Phase 1 dose escalation and pharmacokinetic evaluation of oral gemcitabine prodrug (LY2334737) in combination with docetaxel in patients with advanced solid tumors.

PURPOSE

This Phase 1 study aimed to determine the recommended Phase 2 dose of LY2334737, an oral gemcitabine prodrug, when combined with standard dose docetaxel treatment in patients with advanced solid tumors.
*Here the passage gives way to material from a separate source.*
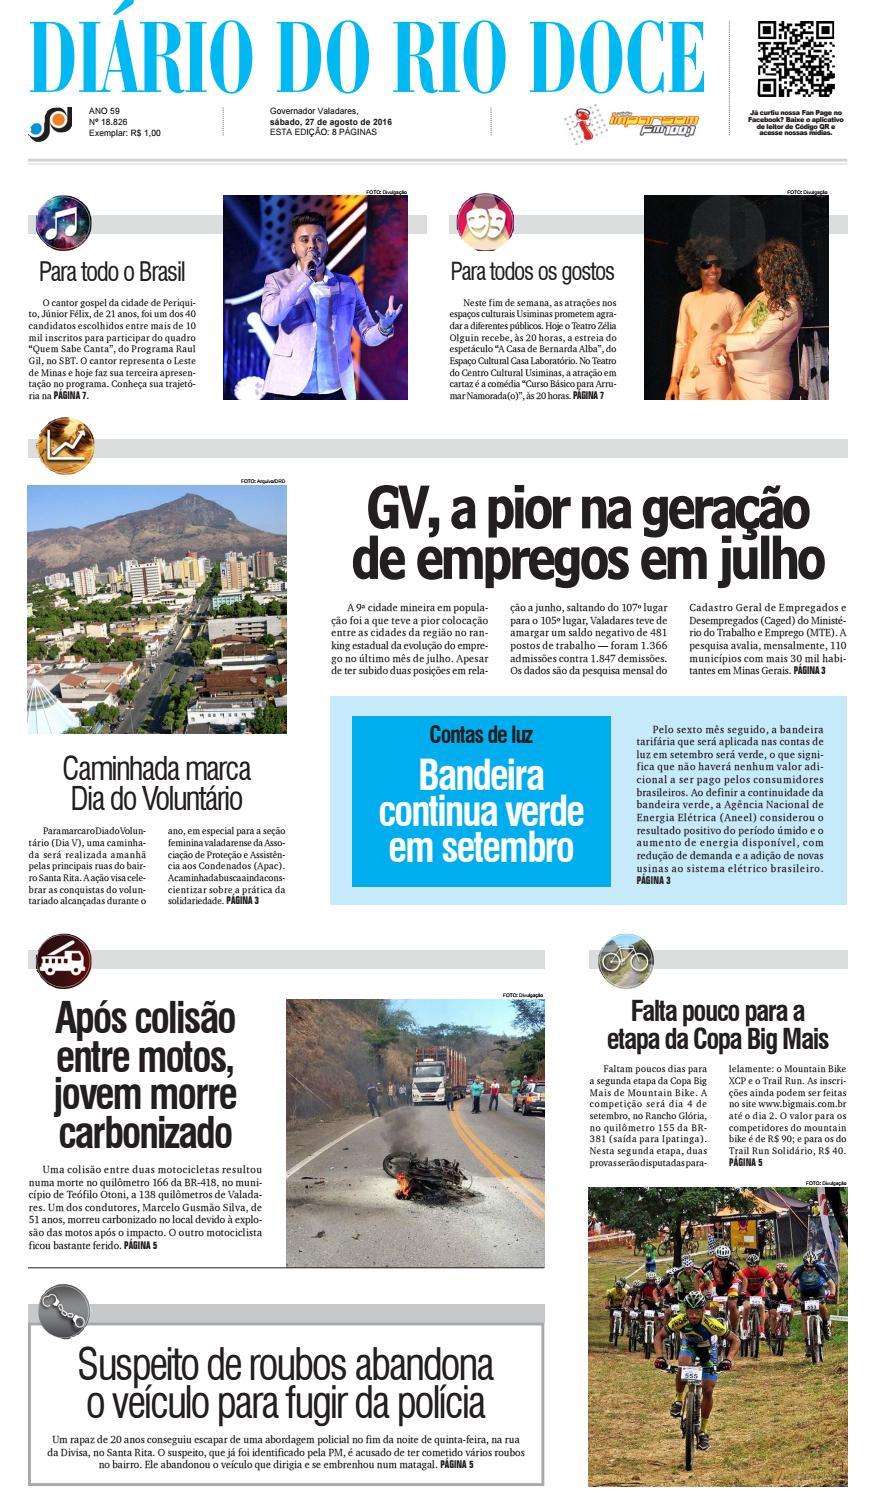 Diário do Rio Doce - Edição de 27 08 2016 by Diário do Rio Doce - issuu b3c2e098eb132

Pharmacokinetics (PK) and antitumor activity were additionally evaluated.

METHODS

Patients with advanced/metastatic solid tumors received escalating doses of LY2334737 once daily (QD) for 14 days, followed by a 7-day drug-free period. Docetaxel was given at 75 mg/m(2) every 3 weeks (q3w). Cycles were repeated until progressive disease (PD) or unacceptable toxicity.

RESULTS

Of 22 patients recruited, all Caucasian, 7 received an LY2334737 dose of 10 mg/day, 10 received 20 mg/day, 5 received 30 mg/day. Nineteen patients discontinued due to PD, 2 due to adverse events, 1 due to investigator decision. Dose-limiting toxicities: 2× febrile neutropenia (G3), 2× fatigue (1× G2, 1× G3), 1× neutropenia (G4). The maximum tolerated dose (MTD) was identified to be 10 mg/day. Two patients achieved partial response, 10 patients stable disease. Enrollment was stopped after unexpected hepatic toxicities were observed with LY2334737 QD for 14 days per cycle in another study of Japanese patients. PK data were consistent with the first-in-man study of LY2334737 and did not reveal any drug-drug interaction between LY2334737 and docetaxel.

CONCLUSIONS

Combination of LY2334737 at doses up to 30 mg/day QD for 14 days per cycle with docetaxel 75 mg/m(2) q3w resulted in an undesirable toxicity profile and a low MTD of 10 mg/day. Alternative treatment schedules of LY2334737 should be explored.